First, thanks for picking up the thread so thoughtfully. Second, I don't think I had quite gotten all the way to what the idea of the public intellectual means to our students (at least in that post), but I think you're right on. And we can push it even further, that more than just being engaged in literature and history (as if that's a "just") it's about thinking long and hard, and that doing so has value on its own. That being thoughtful and intellectual, through history, or literature, or the other arts: that this is a way of being in the world, and it's both different from many other paths and deeply important.

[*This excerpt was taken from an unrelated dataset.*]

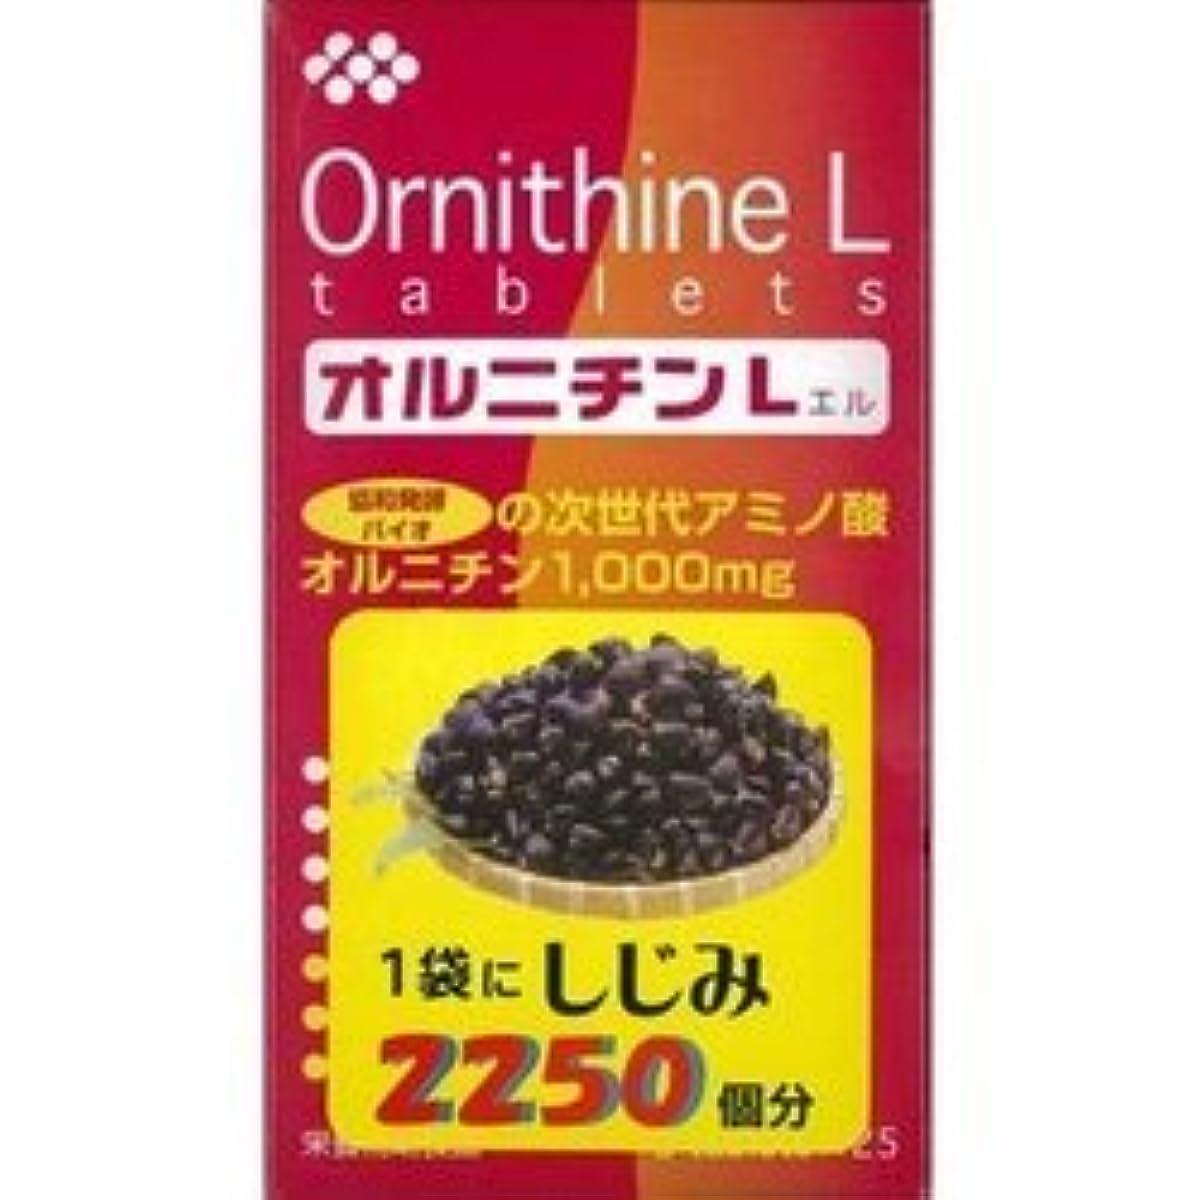 キャプテン散歩に行く試み〔協和発酵〕オルニチンL 5粒×25包入 2個セット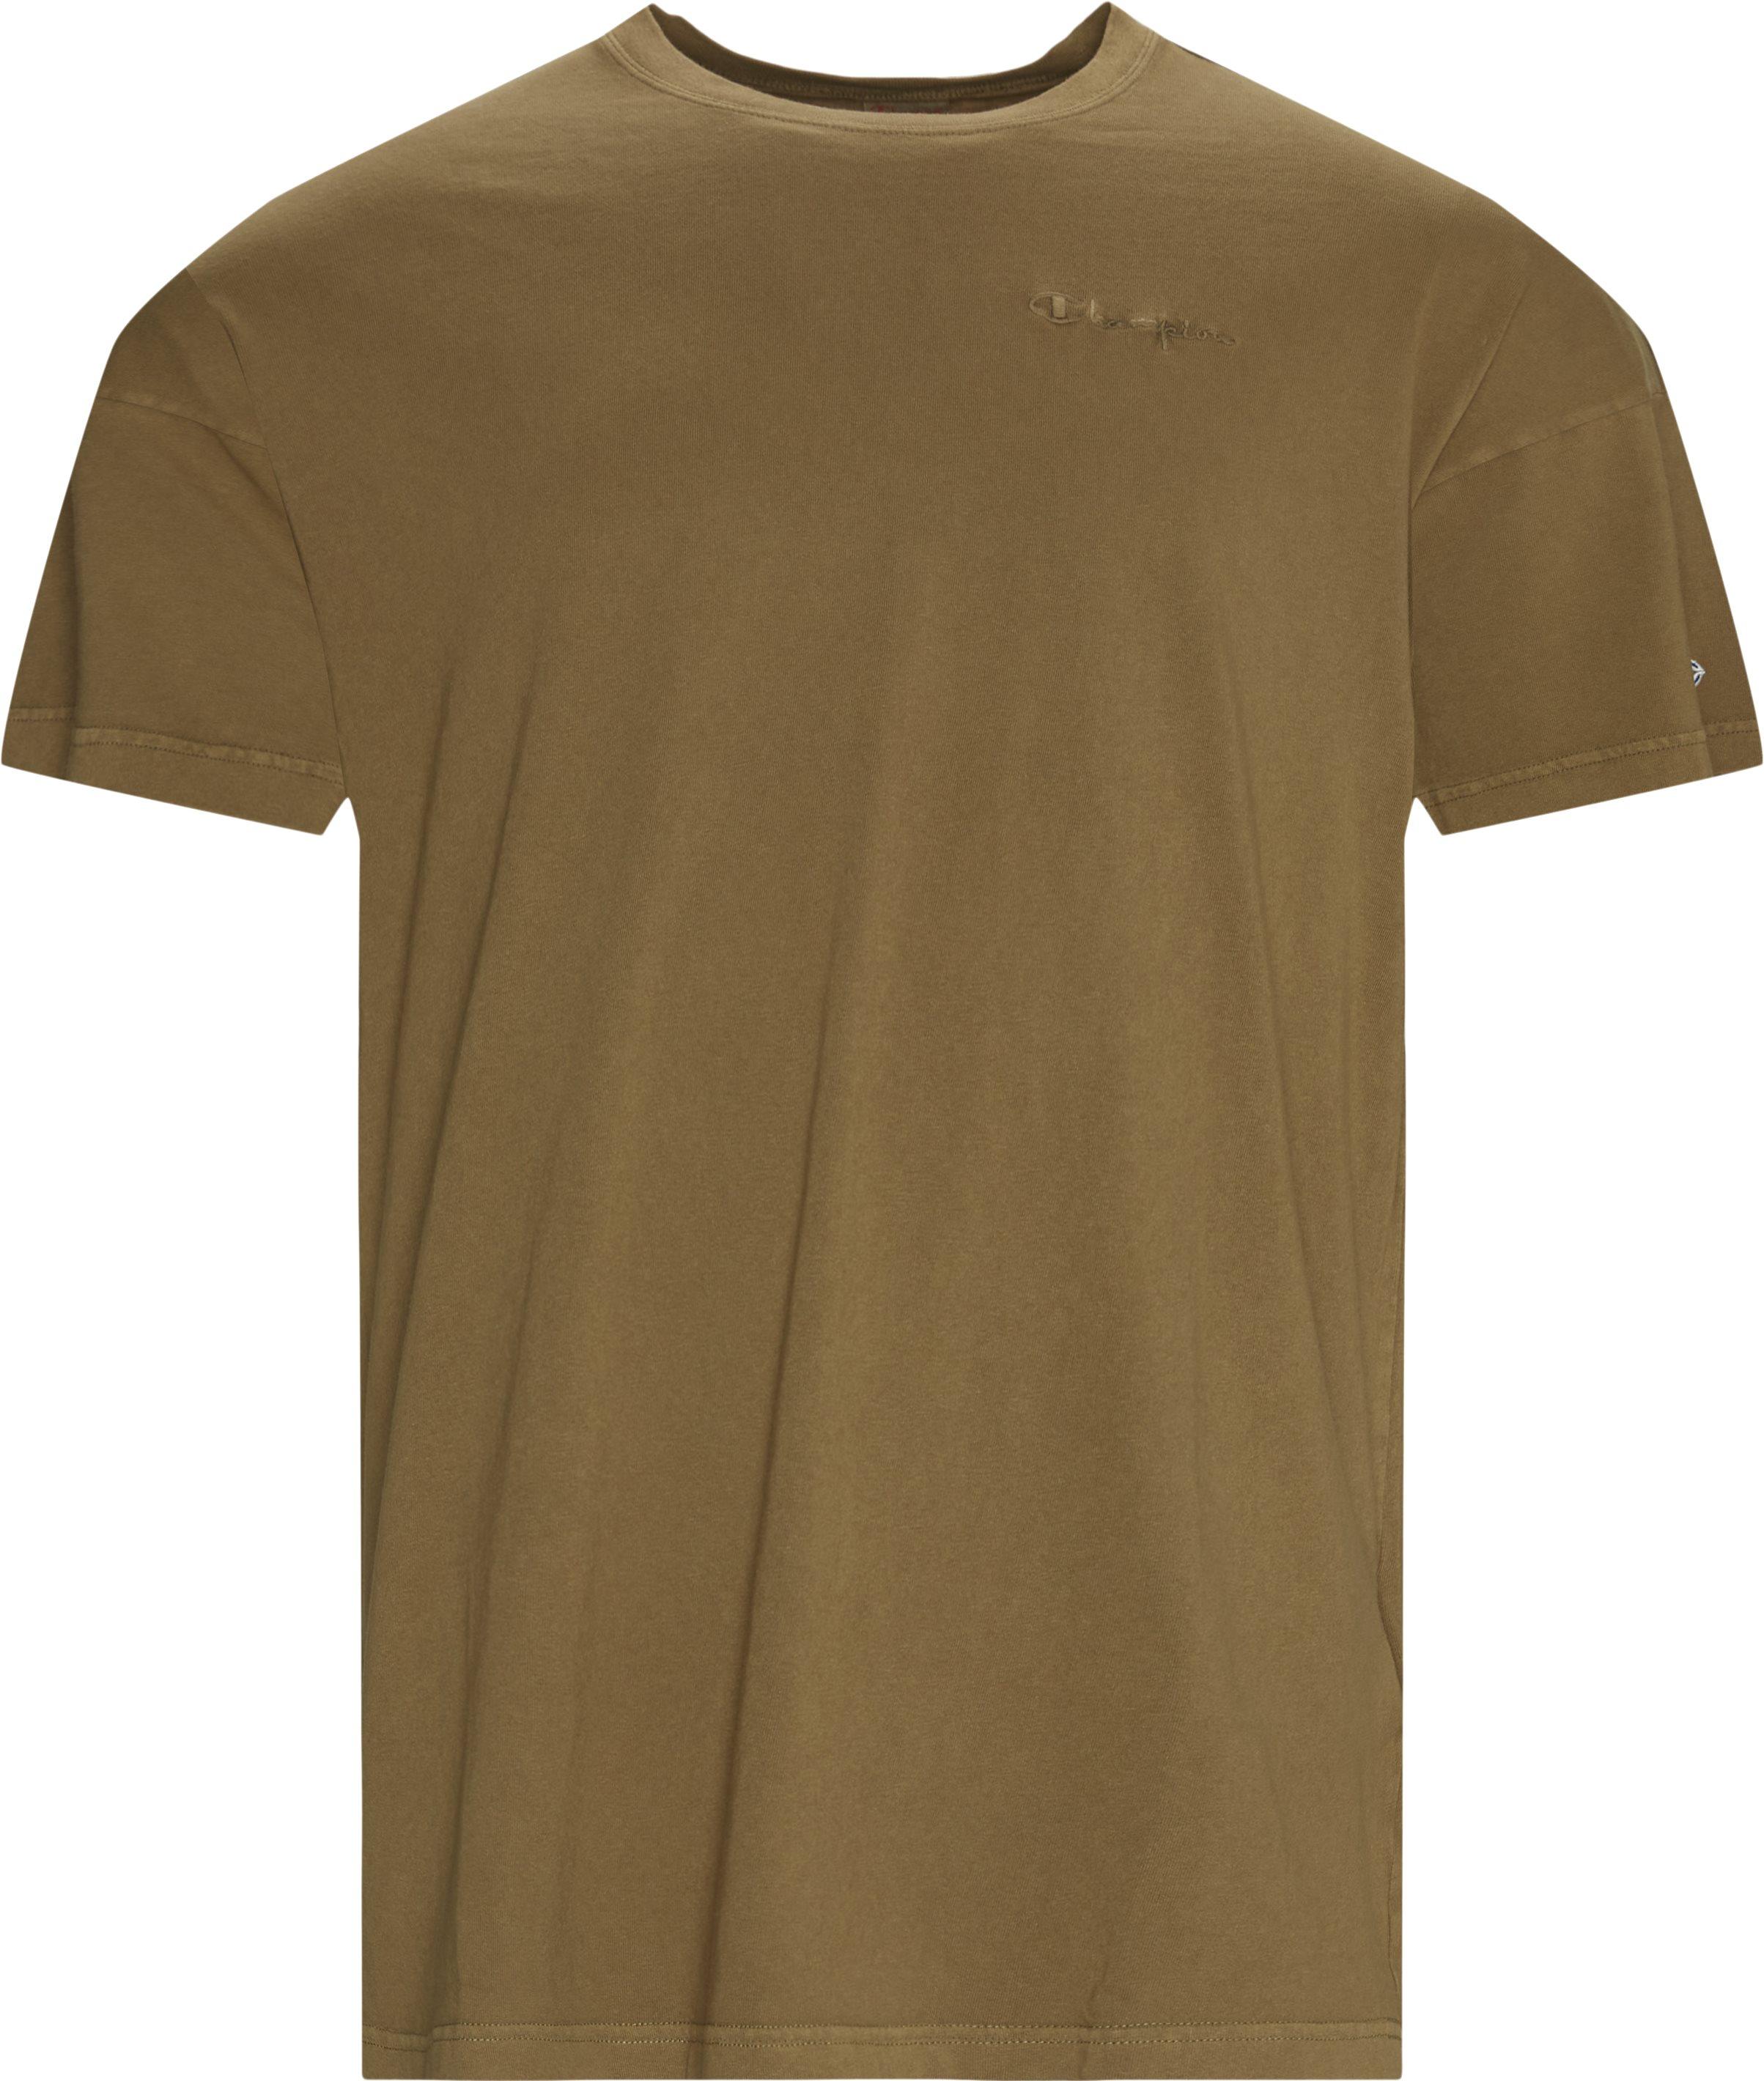 G D Tee - T-shirts - Regular fit - Grøn

Maybe community colleges would fit Menand's requests a little better. I've been at my CC for almost 10 yrs. I publish things in academia when I can but I also write stuff for the local newspaper or speak at the Rotary. Menand or other R-1 types may think of us as "podunk" but I truly feel like a public intellectual where I am.
I can think of scholars in my own field who have moved from writing for an academic audience to writing as a "public intellectual" for a popular audience, and ridding themselves of all that tawdry research. But scholars I'm thinking of aren't intellectuals at all any more. They just play them on TV (okay, on PBS, when they're lucky).
Thanks so much for this wonderful post, and the link to Horace's very thoughtful one as well. I once heard Martin Jay of Berkeley argue, very powerfully, that the real public intellectuals are those who model the intellectual life in great lecture courses and introduce students to it in seminars; also those who write the rare (but wonderful) books that are adopted for courses and reach thousands as assigned reading. He convinced me.
Of course, a few people manage to do all of that and also do the sort of periodical writing that the term "public intellectual" usually evokes: Stephen Greenblatt and Natalie Zemon Davis spring to mind.
More generally, if you wanted to write a real history of those American public intellectuals who had the biggest impact on the world, you'd include more African-American ministers than one-time Trotskyists.
A shame the category is defined so narrowly most of the time: good to see it reclaimed for a wider range of pursuits and ways of being in the public world.